STORED DATA:
----
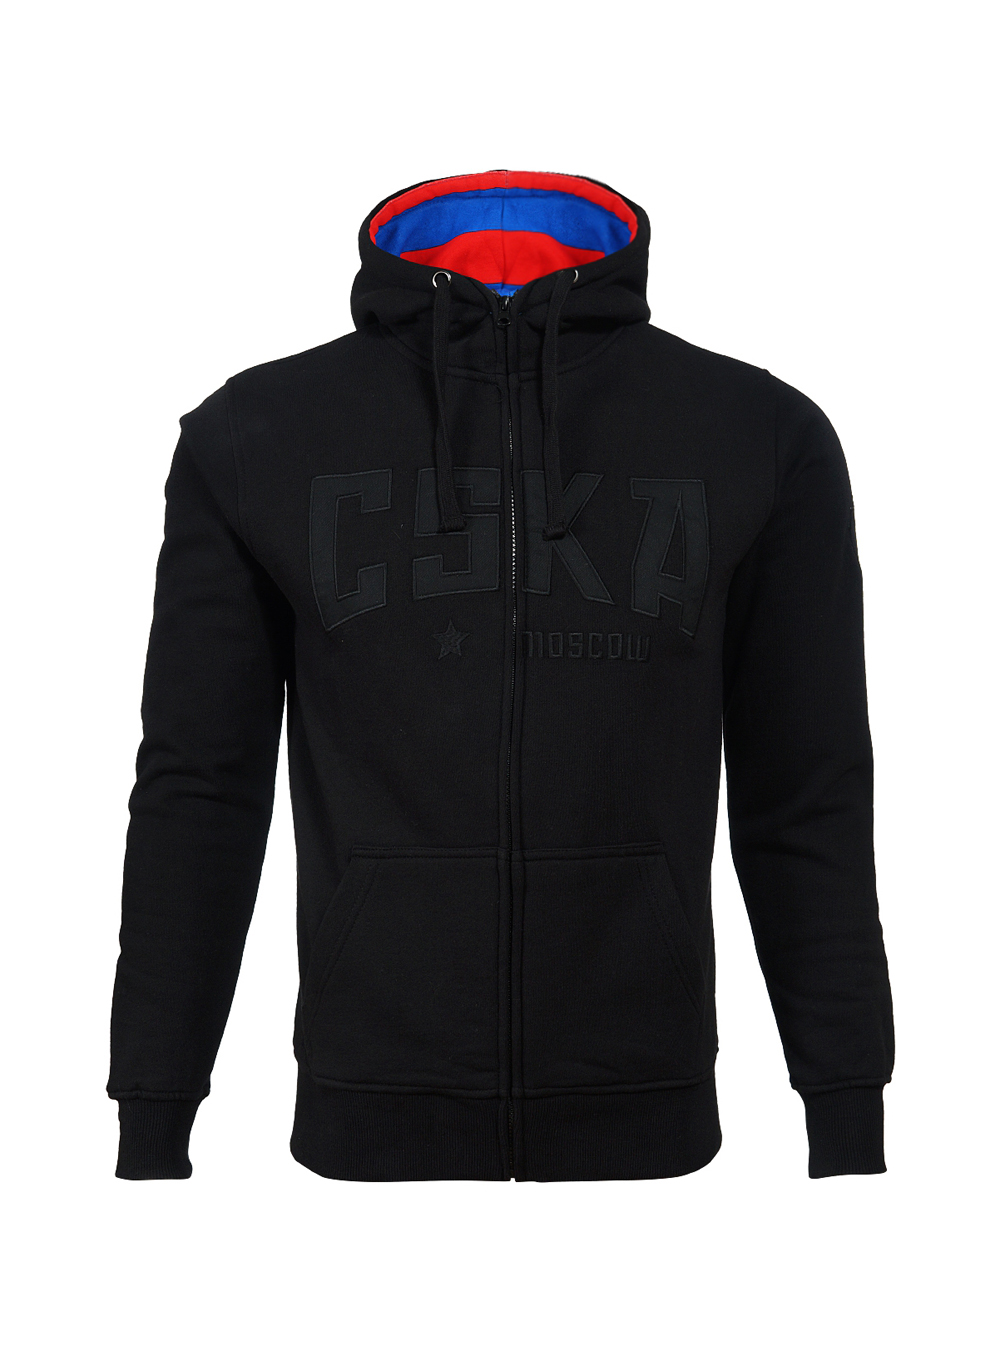 Толстовка на молнии с капюшоном "CSKA", цвет черный (XL) от Cskashop
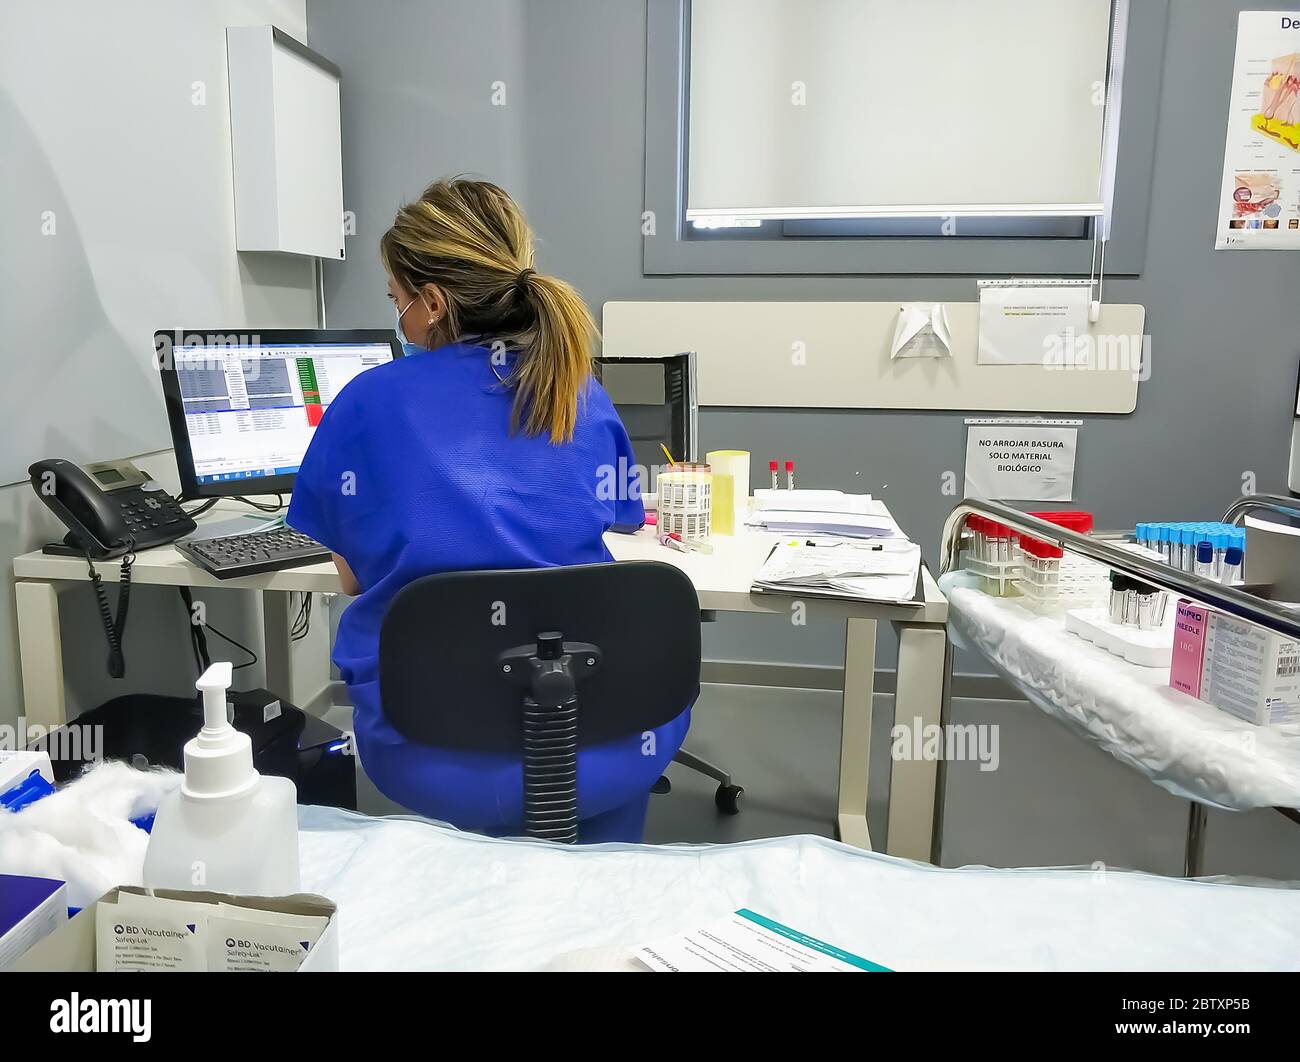 Huelva, Spagna - 28 maggio 2020: Infermiere che lavora in un laboratorio medico in ospedale Quironsalud Huelva Foto Stock
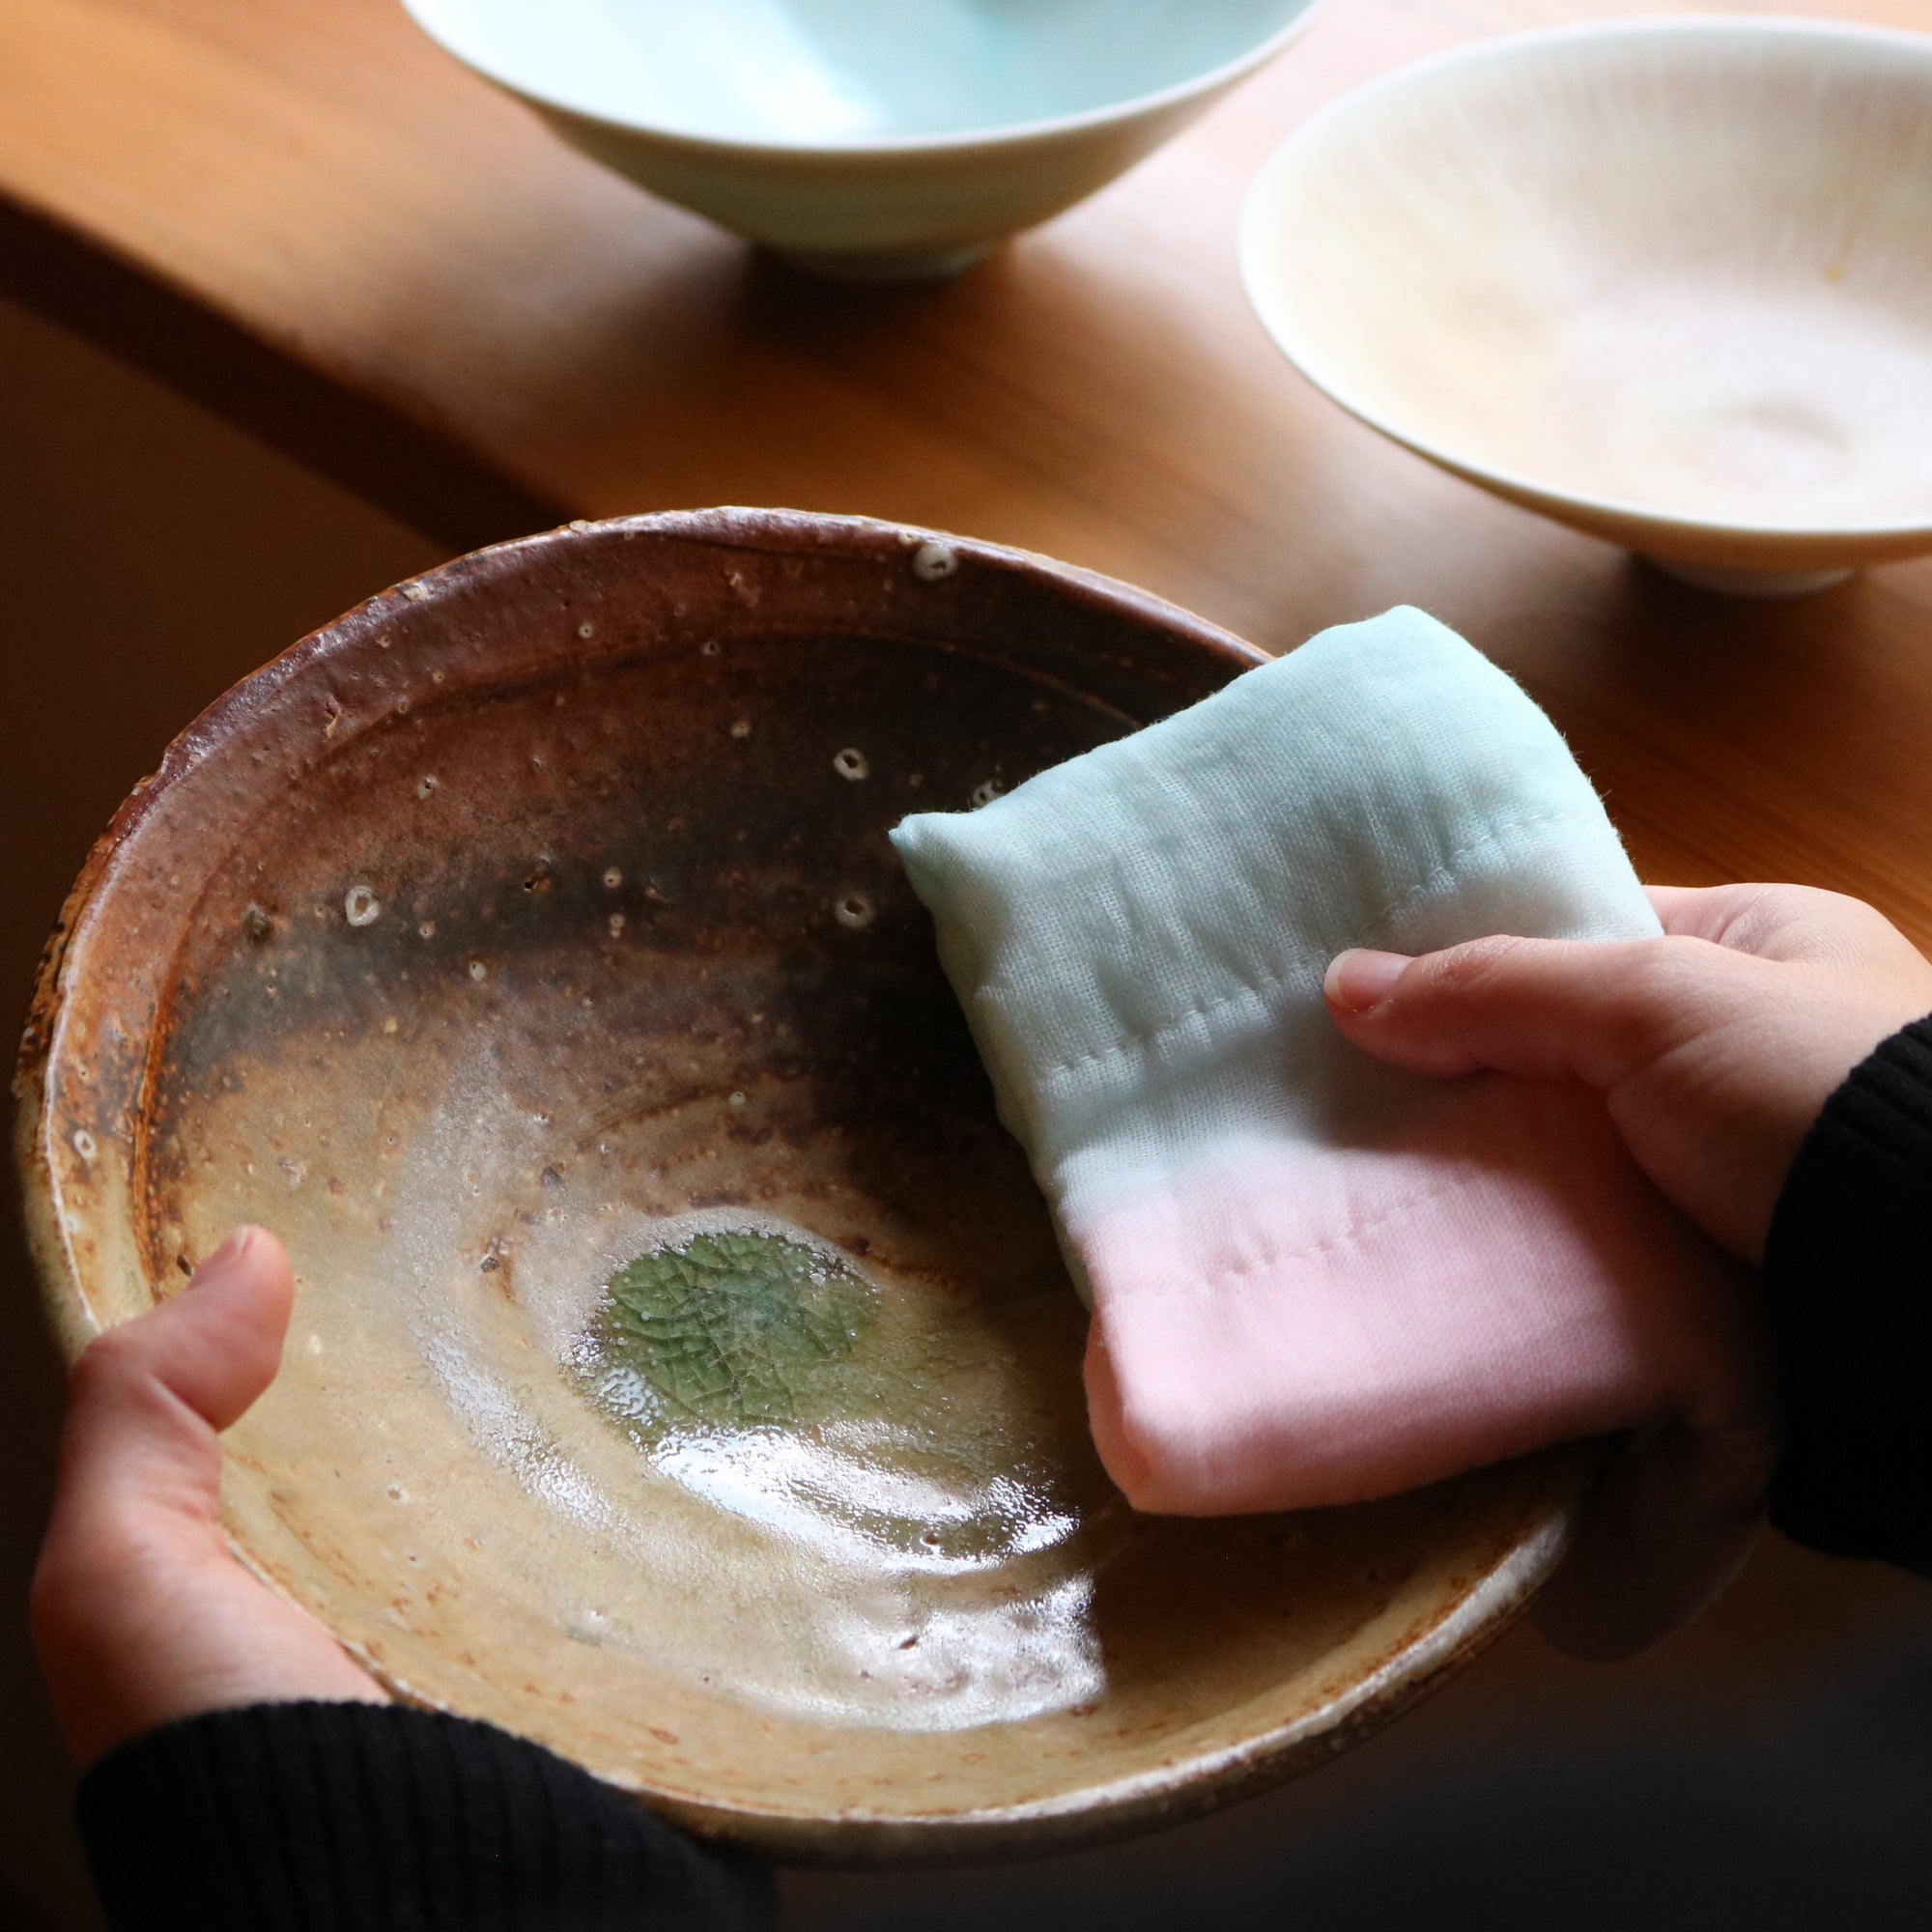 The Organic Shirayuki Japanese Kitchen Cloth Set | Made in Japan
----
THE PROBLEM:
Please copy out the whole listing exactly, minus its pictures.

OUTPUT OF THE EXERCISE:
 Толстовка на молнии с капюшоном "CSKA", цвет черный (XL) от Cskashop
 Huelva, Spagna - 28 maggio 2020: Infermiere che lavora in un laboratorio medico in ospedale Quironsalud Huelva Foto Stock
 The Organic Shirayuki Japanese Kitchen Cloth Set | Made in Japan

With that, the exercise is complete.